## Work to be completed
Beginning with the line that holds "Дом 170 м² с бассейном и двумя", copy each line through the end of the material below, exactly and with no pictures.

## Data extract
——————————

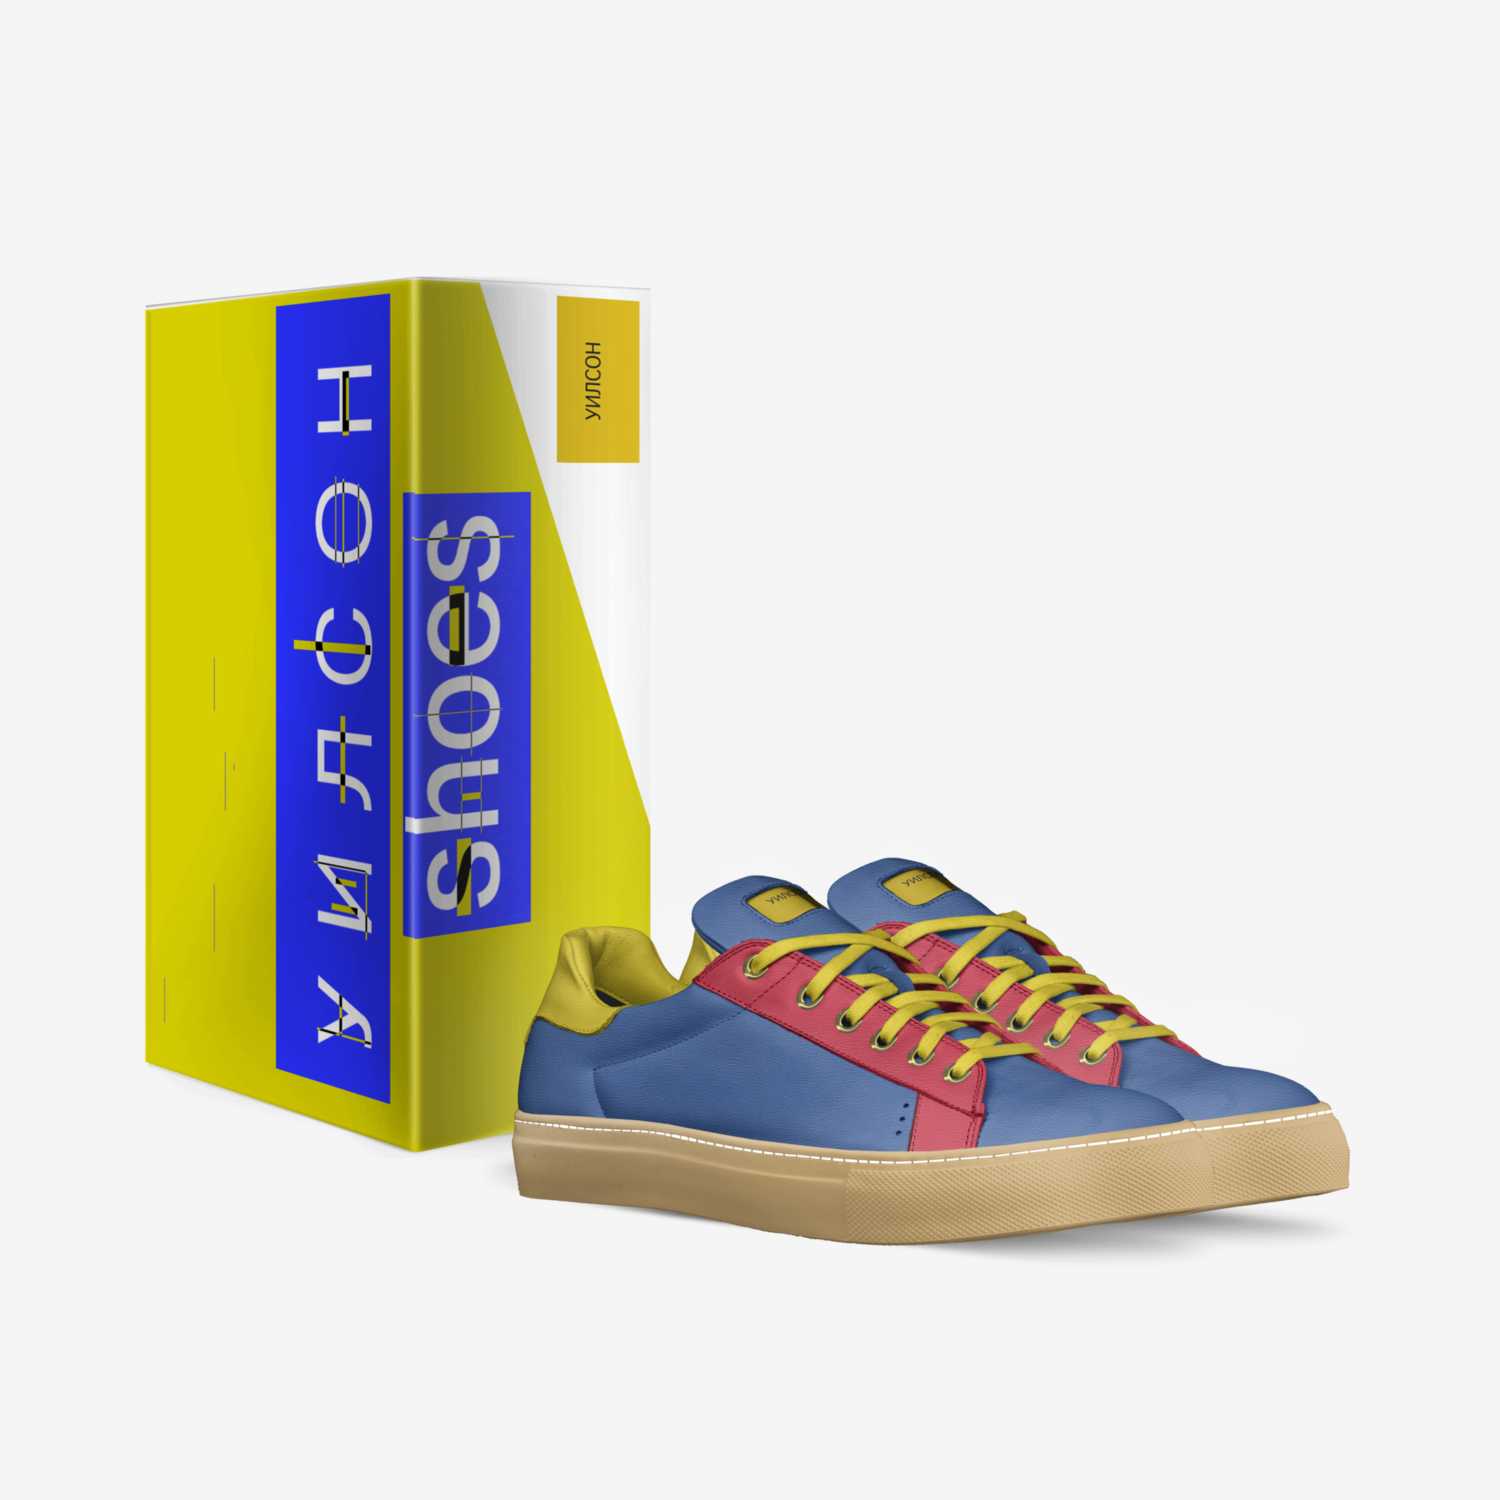 УИЛСОН custom made in Italy shoes by Josh Wilson | Box view
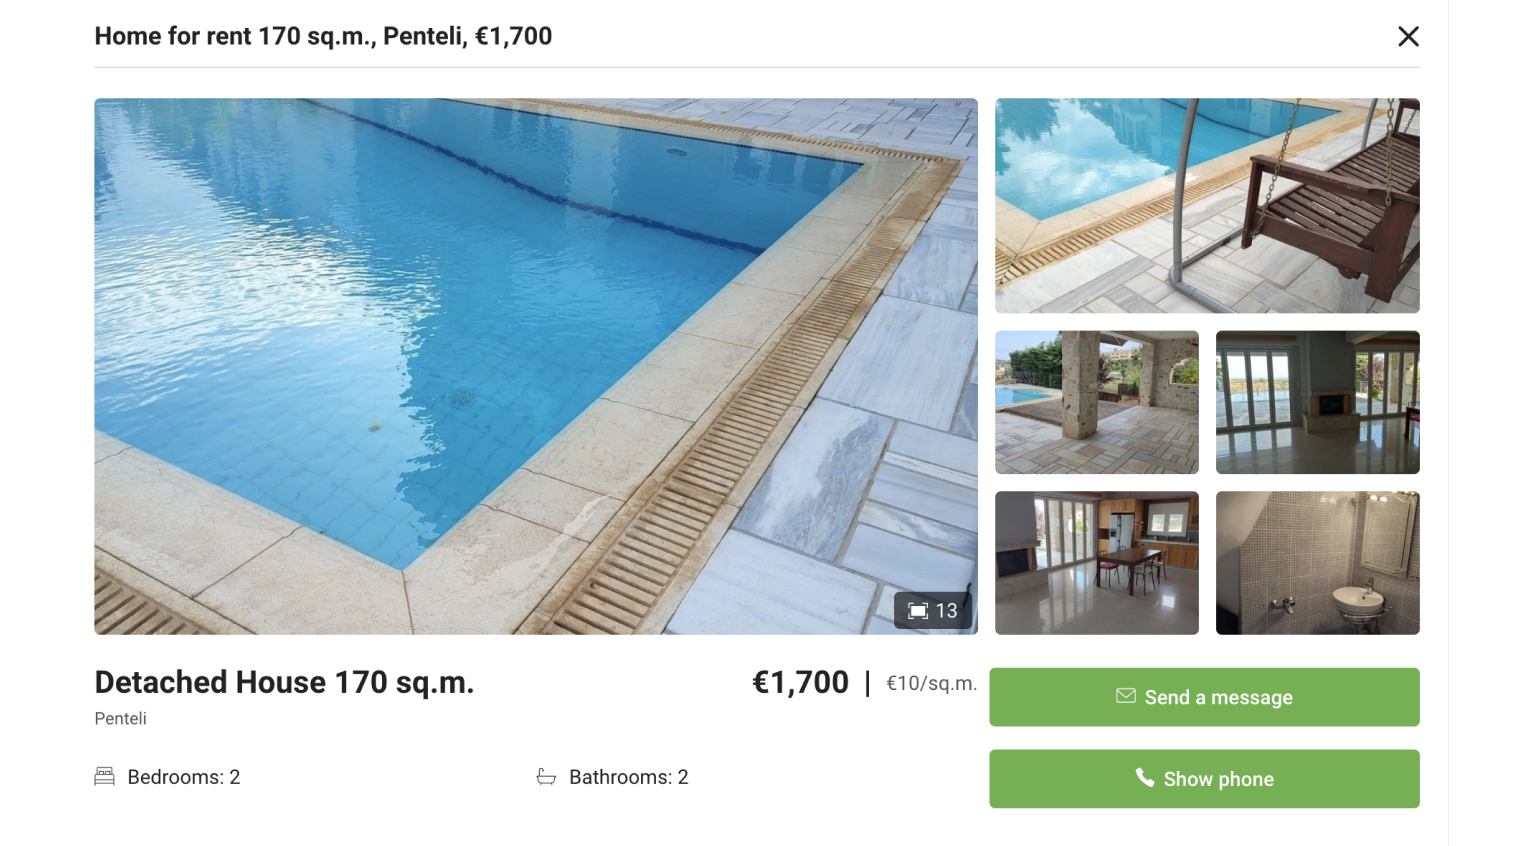 Дом 170 м² с бассейном и двумя спальнями и ванными за 1700 € в месяц в отдаленном, но красивом районе Северных Афин. Источник: xe.gr
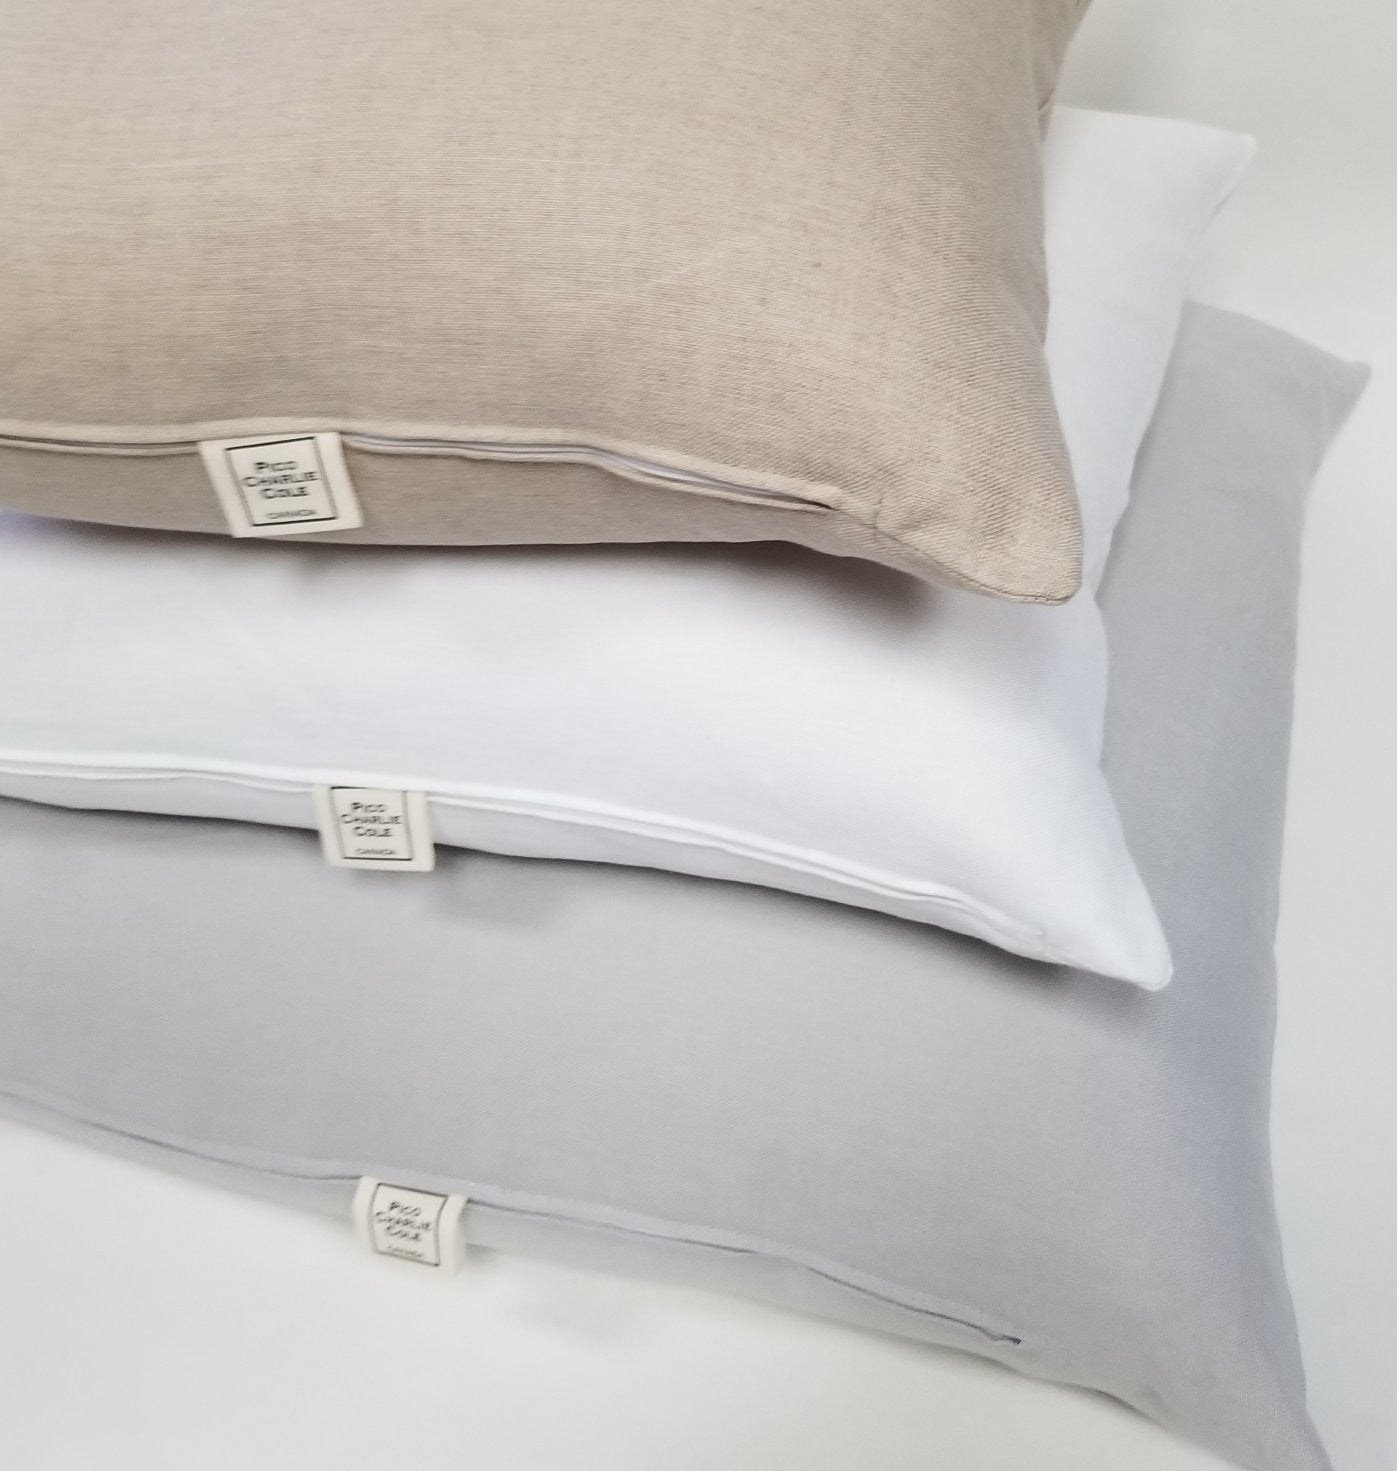 Enjoy the little things Linen Pillow 16"x24"
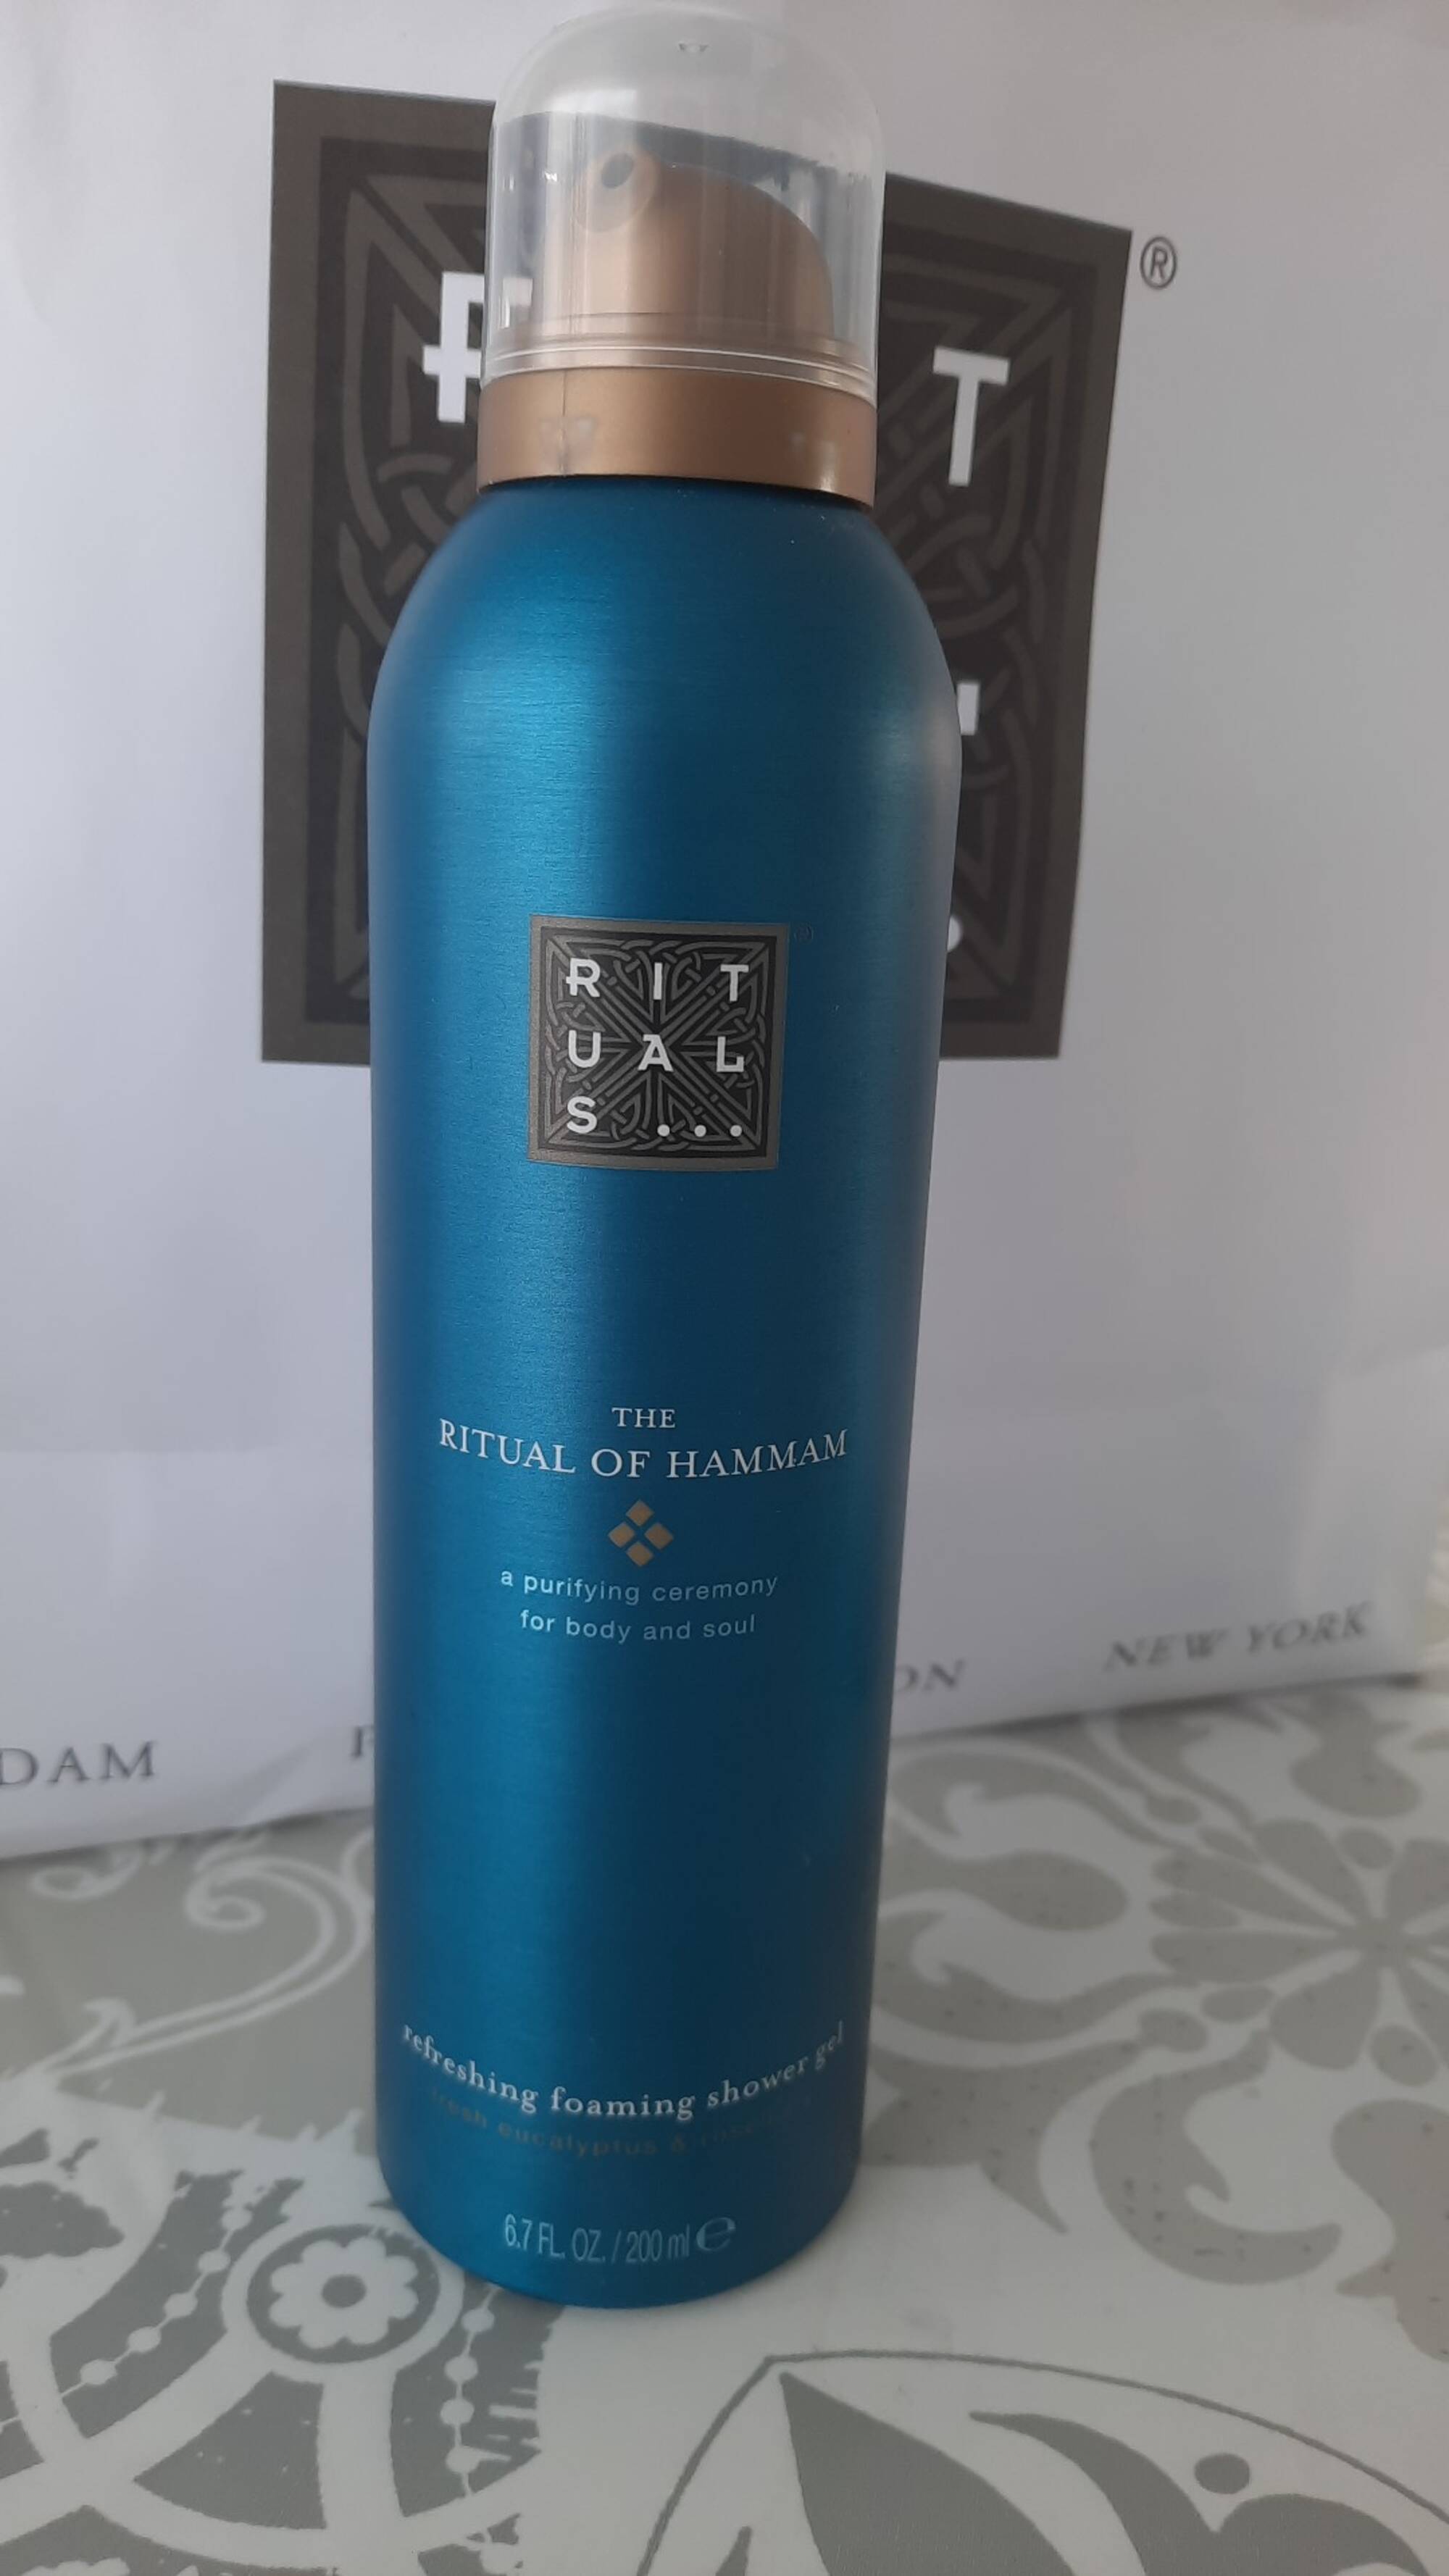 RITUALS - The ritual of Hammam - Refreshing foaming shower gel

——————————

## Result of this exercise
 Дом 170 м² с бассейном и двумя спальнями и ванными за 1700 € в месяц в отдаленном, но красивом районе Северных Афин. Источник: xe.gr
 Enjoy the little things Linen Pillow 16"x24"
 RITUALS - The ritual of Hammam - Refreshing foaming shower gel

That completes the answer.